We maintain these experiment logs in a dedicated, version-controlled repository linked to the main codebase. Every issue, every experiment, every finding is structured, searchable, and permanent. For an ATS operating under Regulation SCI, where the SEC requires documented policies for system changes and development practices, this kind of engineering record is not just good practice. It is a compliance asset.

This is what RDD produces beyond working software: auditable engineering judgment. Not just what we built, but why we built it that way, what we considered and rejected, and what evidence informed each decision. For infrastructure that handles regulated financial instruments, this is not a nice-to-have. It is the standard that clients, partners, and regulators should expect. And it is the standard we hold ourselves to.

AI Makes Precision Affordable

There is a reason most software teams do not do this level of research before writing code. Historically, it was too expensive. Evaluating seven tools when you could just pick the popular one and start building? That is a luxury most teams cannot justify when they are shipping against a deadline.

AI changes that equation. When a tool like Claude Code can evaluate a dependency in an afternoon that would take a week of manual research, thoroughness stops being a luxury and becomes the default. When rewriting an approach that turns out to be suboptimal takes hours instead of days, the emotional and economic cost of being wrong on the first try drops to near zero. You stop clinging to sunk costs and start optimizing for correctness.

This is perhaps the least obvious benefit of AI in engineering: it does not just make teams faster at building. It makes teams faster at thinking.

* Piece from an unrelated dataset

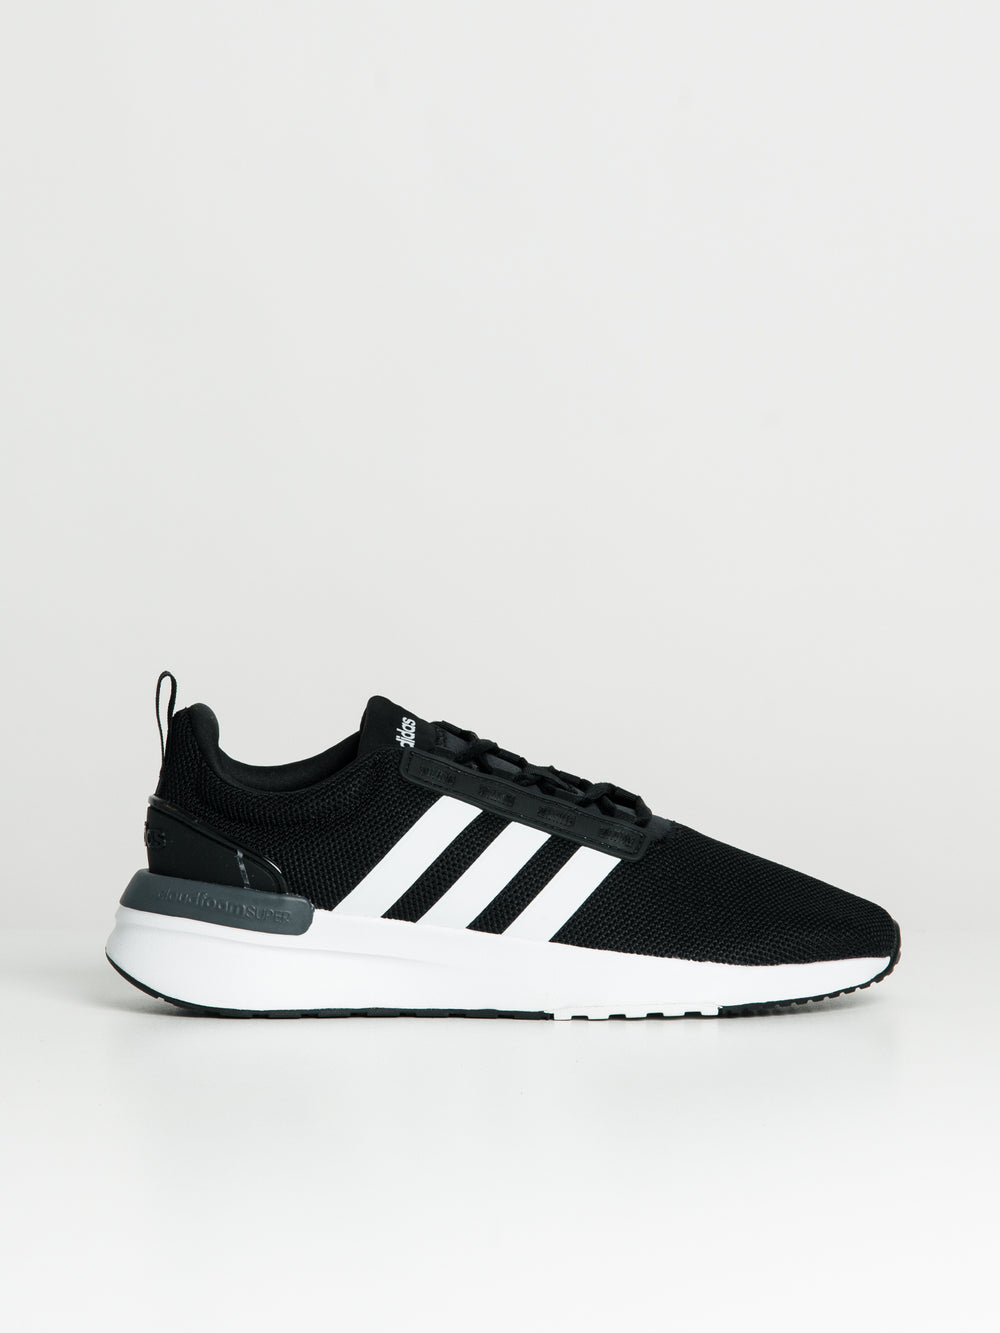 Adidas – Campus 00s Grey/Black | Highsnobiety Shop

And when thinking is fast, you can afford to do more of it before you commit to a line of code.

Engineering for the Long Term

The teams that will struggle with AI are not the ones writing less code. They are the ones writing code without knowing why. Generating output has never been easier. Generating directed output (code that belongs in the system, that addresses a validated need, that has been evaluated against alternatives) still requires engineering discipline.

Research Driven Development is one approach to providing that discipline. It treats the research phase not as a preliminary step before the real work begins, but as the most valuable part of the engineering process. It uses AI to make that research rigorous and fast. And it produces, as a byproduct, the kind of documented, auditable engineering record that capital markets infrastructure demands.

We use these tools every day. They make us more thorough, more precise, and more deliberate. The code we ship is better because we spent more time understanding the problem before we wrote a single line. That is what Research Driven Development is about, and it is how we intend to keep building.